第21話 野獣の追撃
行軍を始めて三十分余りで、アイリスたち第7分隊はスタート地点である山の麓に集まっていた。標高はそれほど高くはない――だが、鬱蒼と茂る藪と木々が行く手を阻んでいる。アイリスはそれを見上げ、周りの仲間たちと視線を交わした。
「意外と低いね。これなら――」
アイリスがそう言うと、部隊の中で最も山岳や森林に精通しているオリヴィアは静かに首を振って口を開いた。
「確かに標高は大したことはないけど、傾斜がきつい場所が多いし、木が多くて歩きにくい。それに――アレを見て」
そう言って、オリヴィアは人差し指をすっと伸ばしてスタート地点の一角を指差した。そこには、6人分の背嚢が無造作に積み上げられている。近くにいたユイが中身を確かめたが、すぐに彼女はげんなりとした表情を浮かべてうなだれた。

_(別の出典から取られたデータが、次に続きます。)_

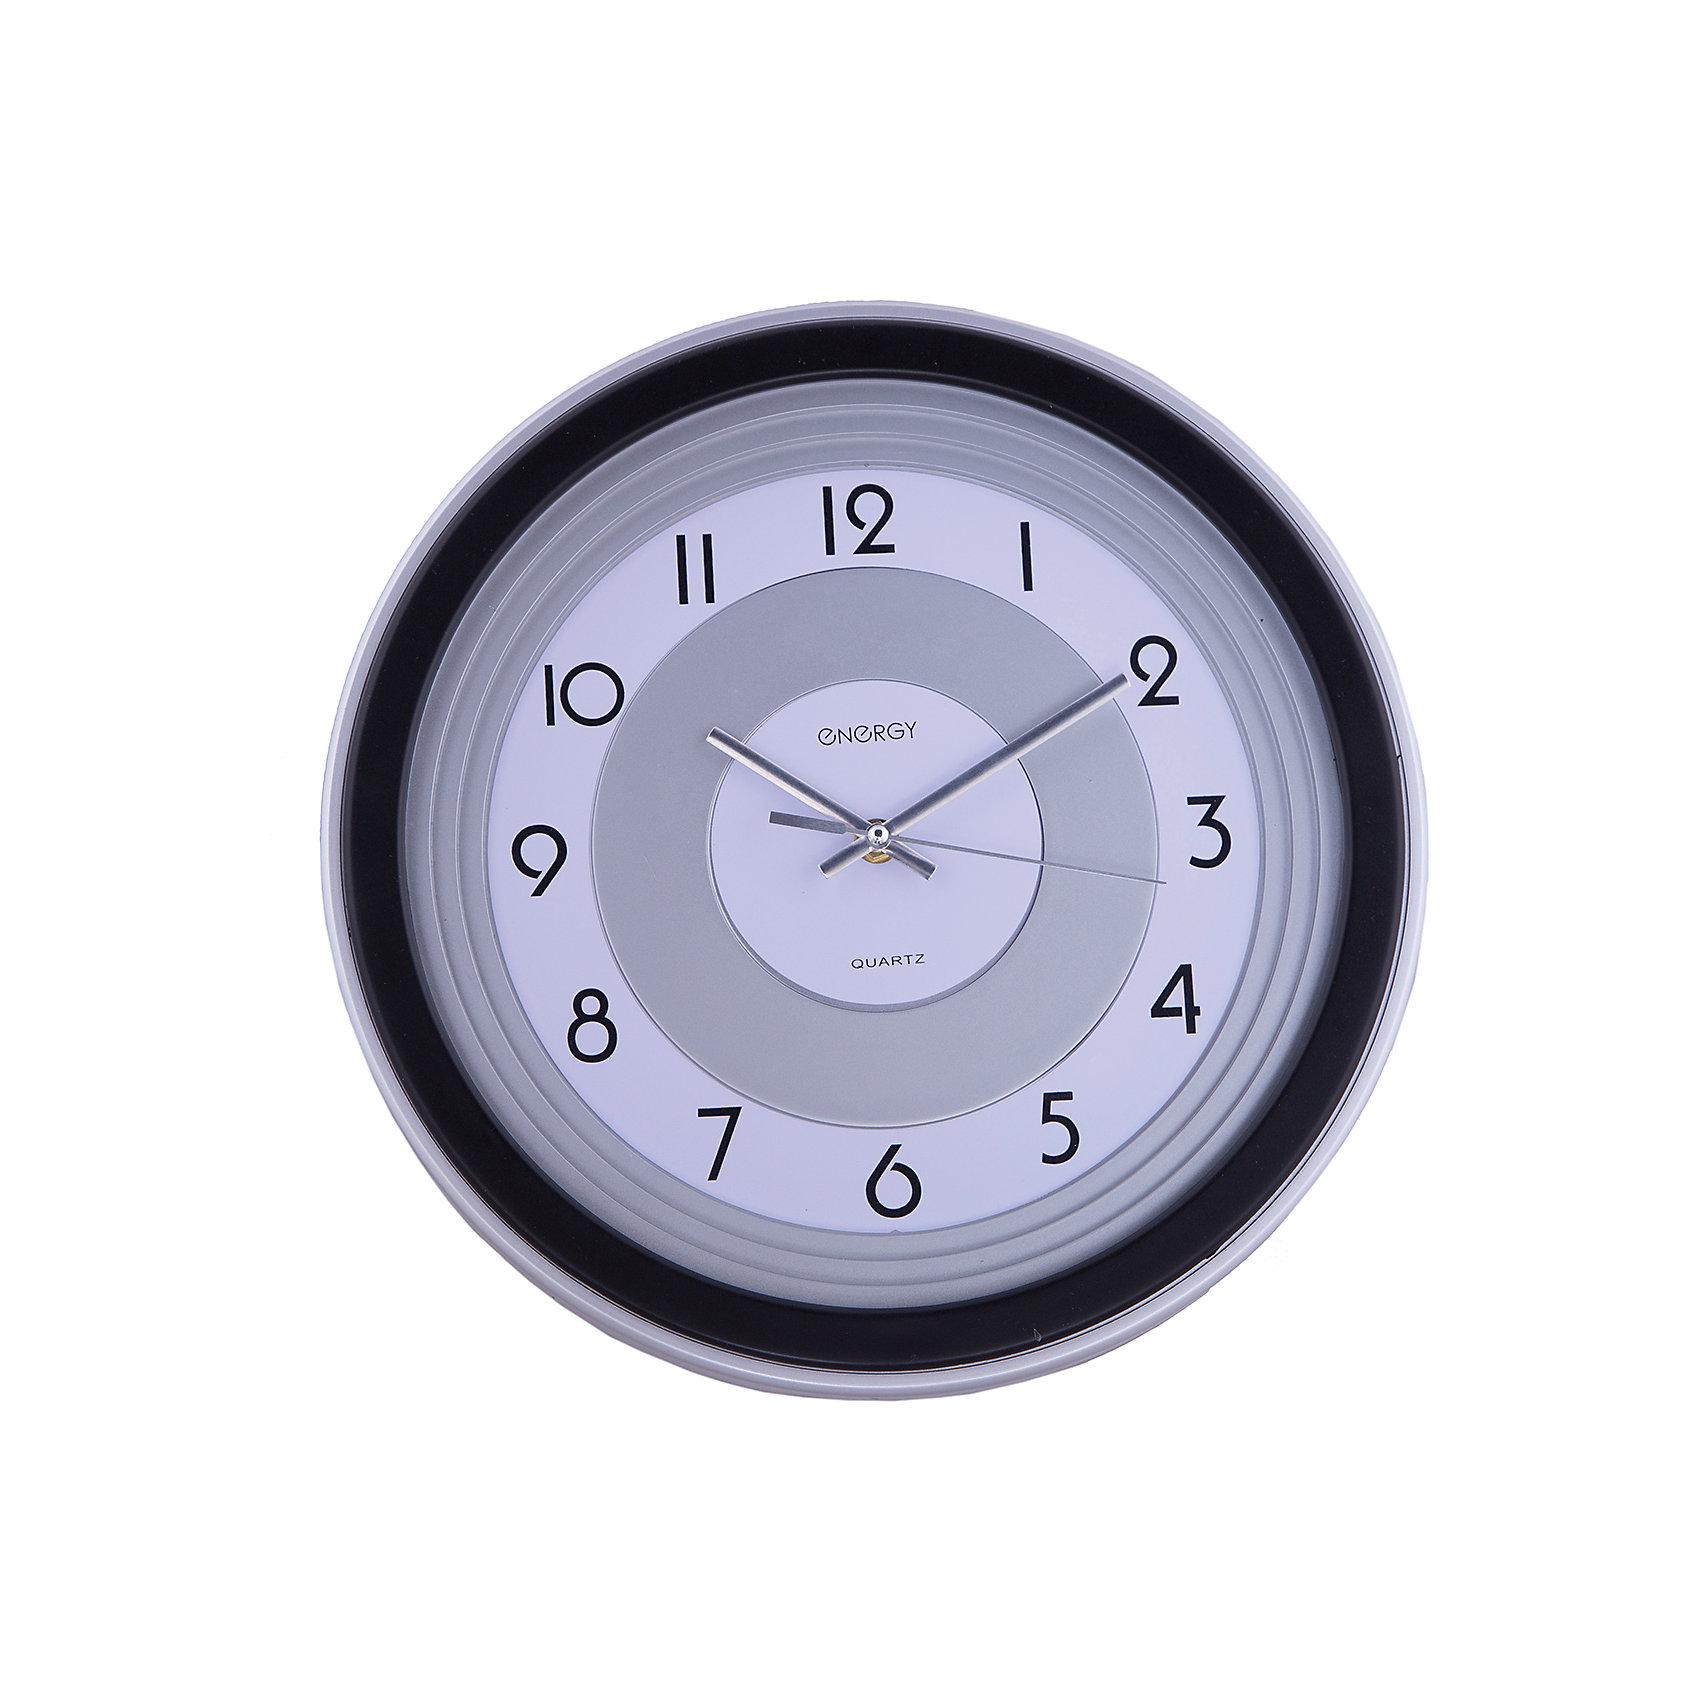 Часы настенные кварцевые ЕС-10, EnergyПредметы интерьера<br>Знать точное время вам помогут кварцевые часы Energy. Настенные часы круглой формы с крупными цифрами на циферблате оформлены в строгом серо-черном цвете. Плавный ход часов. <br><br>Дополнительная информация:<br><br>Размер: 33,5х33,5 см <br><br>Материал корпуса: пластик<br><br>Напряжение: 1.5В<br><br>Для работы настенных часов требуется приобрести батарейки: 1 шт. типа АА<br><br>Часы настенные кварцевые ЕС-10, Energy можно купить в нашем интернет-магазине.<br><br>Ширина мм: 330<br>Глубина мм: 50<br>Высота мм: 330<br>Вес г: 770<br>Возраст от месяцев: 36<br>Возраст до месяцев: 1080<br>Пол: Унисекс<br>Возраст: Детский<br>SKU: 4989891

中身が気になった他の者たちも背嚢を覗き込んだが、すぐにユイと同じくげんなりとした表情を浮かべることとなった。背嚢に入っていたのは、中身がぎっしり詰まった土嚢と、一人分の飲料水のみであった。
ご丁寧にも、その近くには模擬銃まで置かれている。まともに使える道具といえば、背嚢の側面のホルダーに差し込まれたアウトドアナイフ代わりの銃剣だけで、その他には何一つ用意されていない。
「ま……まあアレじゃない? 水が貰えるだけ有情っていうか、なんていうか……飲めば減るし。土嚢はまあ……うん、仕方ない。多分だけど、コレ捨てていったら鬼軍曹二人に寄ってたかって殴られるわけだし。休みながらなら、そんなに辛くないぜ」
分隊のムードメーカーであるテレサは無理に笑みを作ってぽんと手を叩いたが、その場の雰囲気は一向に明るくならない。普段は楽観的なアイリスも、その時ばかりはげんなりとした気分であった。しかし、背負って登らないことには訓練も終わらない。第七分隊の少女たちは土嚢の入った背嚢を背負って立ち上がった。体力のないユイは一瞬ふらつき、その肩を素早くアイリスが支えた。
「大丈夫?」
「今のところは大丈夫……です」
口では大丈夫だと言っているが、ユイの持久力は訓練生の中でも最低ライン――どうにか訓練から落伍せずにいられる程度のものだった。座学ではエリカと首席を争うほどの優れた成績を示しているが、彼女のように知識と体力の両面で圧倒的な実力を示しているわけではない。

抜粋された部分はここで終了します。